I just finished a course in data engineering, and with it, my first DE project! Here’s an outline of what I did for the final project.
Huge thanks to the folks at Data Talks Club for putting the course together: Alexey Grigorev, Ankush Khanna, Sejal Vaidya, and Victoria Perez Mola.
Problem Description
For this project, I wanted to see what qualities of a song lead to popularity, and how that has changed over time. This knowledge is useful for people in the music industry, such as pop artists and producers. I used data from the Billboard Hot 100 (a weekly-updated list of top songs in the US), with records from 1964 to 2018.
One of the files, song_chart, lists the top 100 songs from each week. The other, acoustic_features, contains an entry for each individual song with fields describing its musicality. The following fields interested me the most:
- key: A, A#, B, etc.
- mode: Major or minor
- danceability: “how suitable a track is for dancing based on a combination of musical elements including tempo, rhythm stability, beat strength, and overall regularity”
- energy: “a perceptual measure of intensity and activity”
- valence: “musical positiveness conveyed by a track”
Full descriptions of all fields are located in the ReadMe files, which are uploaded to GCS in the data ingestion step.
Ingestion to Data Lake
I used Terraform for IaC, and Airflow for workflow orchestration. My DAGs completed the following tasks:
- Retrieve zip files from the data source
- Extract desired CSVs and ReadMe files from the zip archives
- Convert CSVs to parquet
- Upload the files to GCS
- Create external BigQuery tables from the parquet files (Note: song_chart became song_pop, and acoustic_features became song_feat)
At this point, I explored the data a bit with the BigQuery SQL workspace. I tried partitioning the song_pop table by week and the song_feat table by mode, but this did not improve query performance, so I decided not to move forward with that.
I made tables with the following SQL statements:
CREATE OR REPLACE TABLE `final-dtc-project.song_data.song_feature_data`
AS SELECT * FROM `final-dtc-project.song_data.external_table_song_feat`;
CREATE OR REPLACE TABLE `final-dtc-project.song_data.song_popularity_data`
AS SELECT * FROM `final-dtc-project.song_data.external_table_song_pop`;
Transformation in Data Warehouse
I was unable to fix the issues related to itegrating Spark and BigQuery, so I took the following steps to run a Spark job using Dataproc (ref: https://medium.com/google-cloud/apache-spark-and-jupyter-notebooks-made-easy-with-dataproc-component-gateway-fa91d48d6a5a):
- Opened a terminal window in my GCP console, and enabled the required APIs with the following command:
gcloud services enable dataproc.googleapis.com \
compute.googleapis.com \
storage-component.googleapis.com \
bigquery.googleapis.com \
bigquerystorage.googleapis.com
- Still in the terminal, I ran the following to commission a Dataproc cluster:
REGION=us-west1
CLUSTER_NAME=dproc-cluster
gcloud beta dataproc clusters create ${CLUSTER_NAME} \
--region=${REGION} \
--master-machine-type e2-standard-2 \
--worker-machine-type e2-standard-2 \
--image-version 1.5-debian \
--initialization-actions gs://dataproc-initialization-actions/python/pip-install.sh \
--metadata 'PIP_PACKAGES=google-cloud-storage google-cloud-bigquery' \
--optional-components=ANACONDA,JUPYTER \
--enable-component-gateway
- I then navigated to my Dataproc cluster in the console, went to “Web Interfaces,” clicked on Jupyter, and created a python3 notebook in the GCS folder.

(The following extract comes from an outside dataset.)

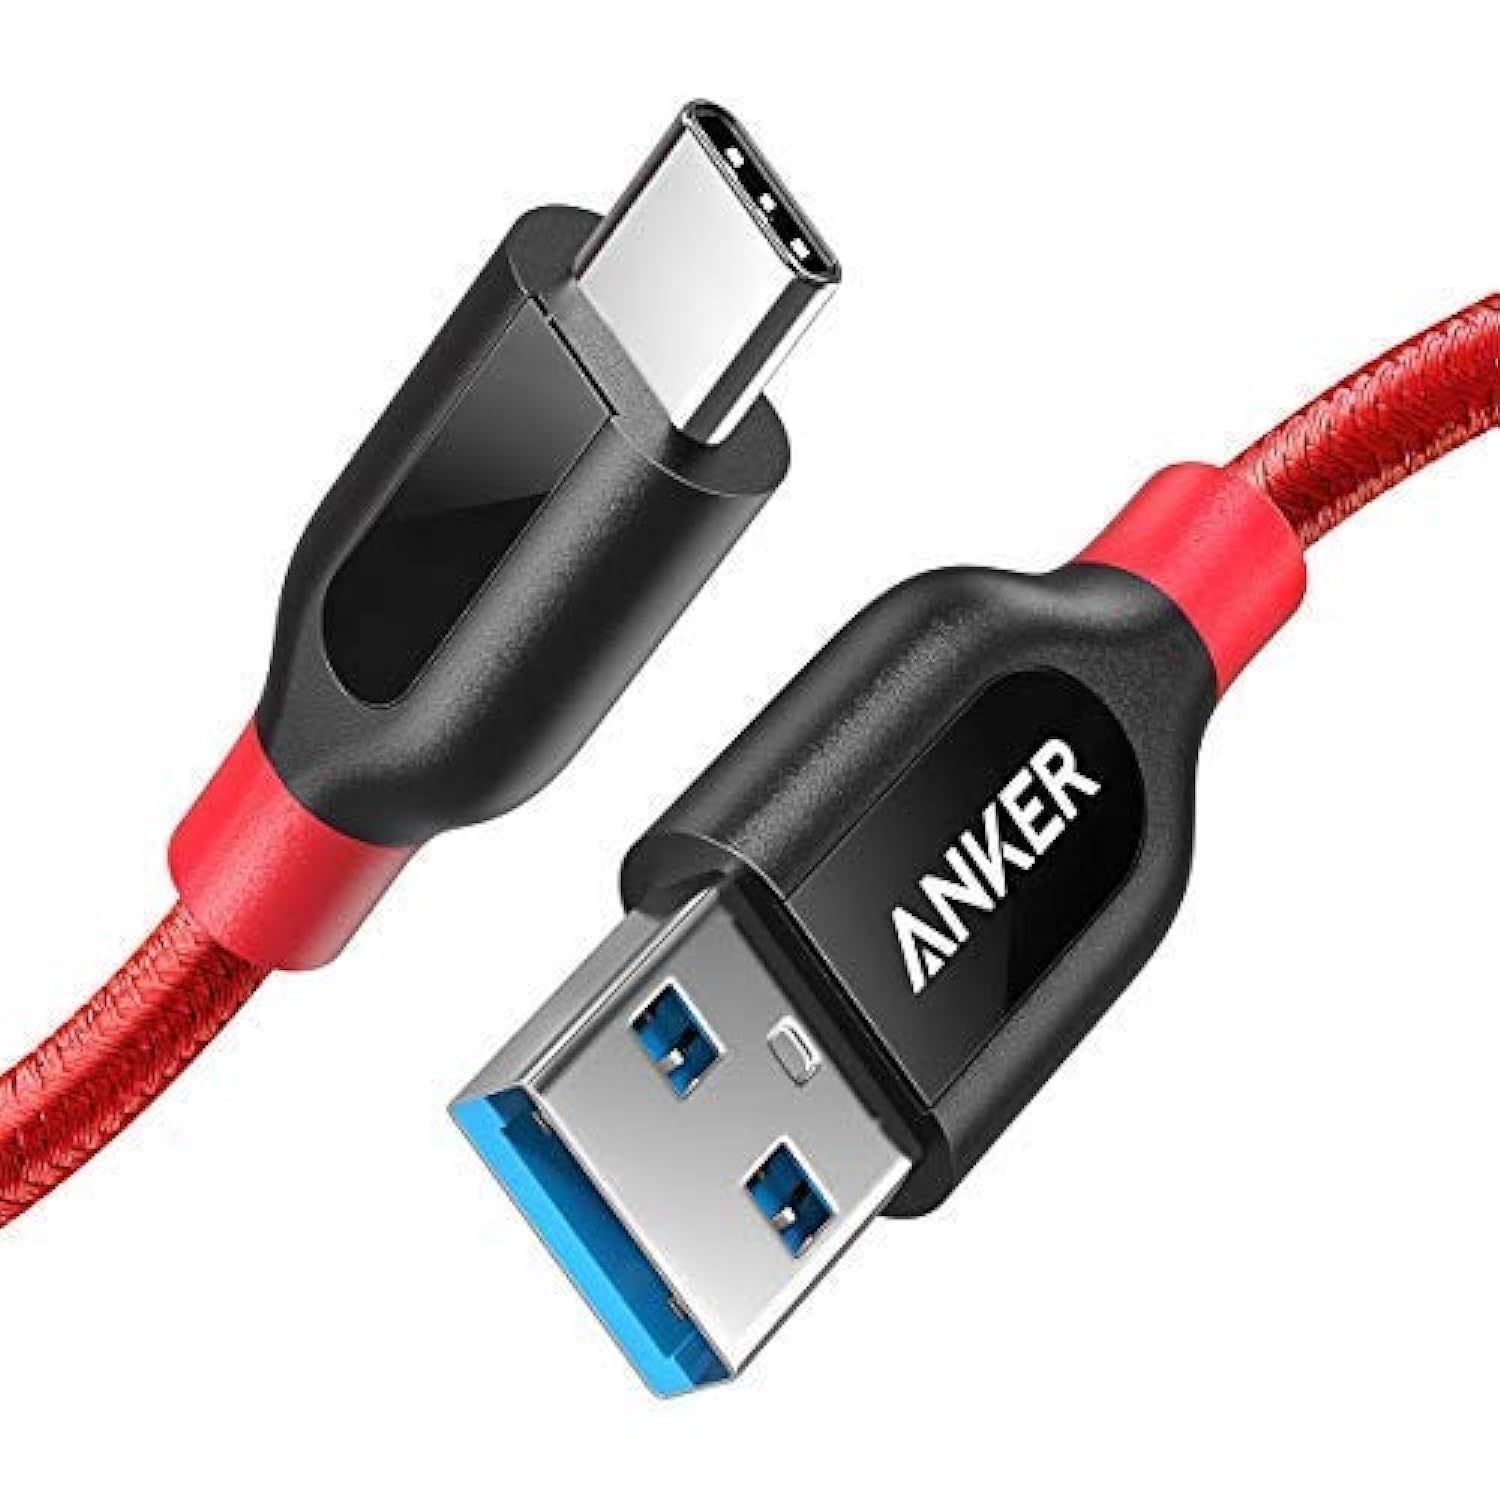 Anker USB C Cable, PowerLine+ USB-C to USB 3.0 cable (3ft/0.9m), High Durability - $37.99

In the notebook, I used Spark UDFs to transform the key and mode columns of the song feature dataframe to be more readable. I then used Spark SQL to filter the table of top 100 songs per week into just the number 1 song per week, and then left-joined this table with the table of song features.
Dashboard

Link to interactive dashboard: https://datastudio.google.com/reporting/b77b7528-3e73-48fa-8bee-dad34a9e8641
I used Google Data Studio to put together my dashboard. I chose to track average valence and danceability over time, because their relationship appears to have an interesting evolution. I find the most recent trend, from 2016-2018, to be particularly intruiging.

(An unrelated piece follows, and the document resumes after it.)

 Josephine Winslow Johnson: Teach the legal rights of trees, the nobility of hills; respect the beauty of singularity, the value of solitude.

For the categorical variable, I chose key (note that the bar plot does not account for songs remaining in #1 for more than a week, so “Record Count” likely counts some songs multiple times). As someone with little knowledge of music theory, I’m curious as to why D# is so unpopular.
Thanks!
Thank you for being of assistance to me. I really loved this article.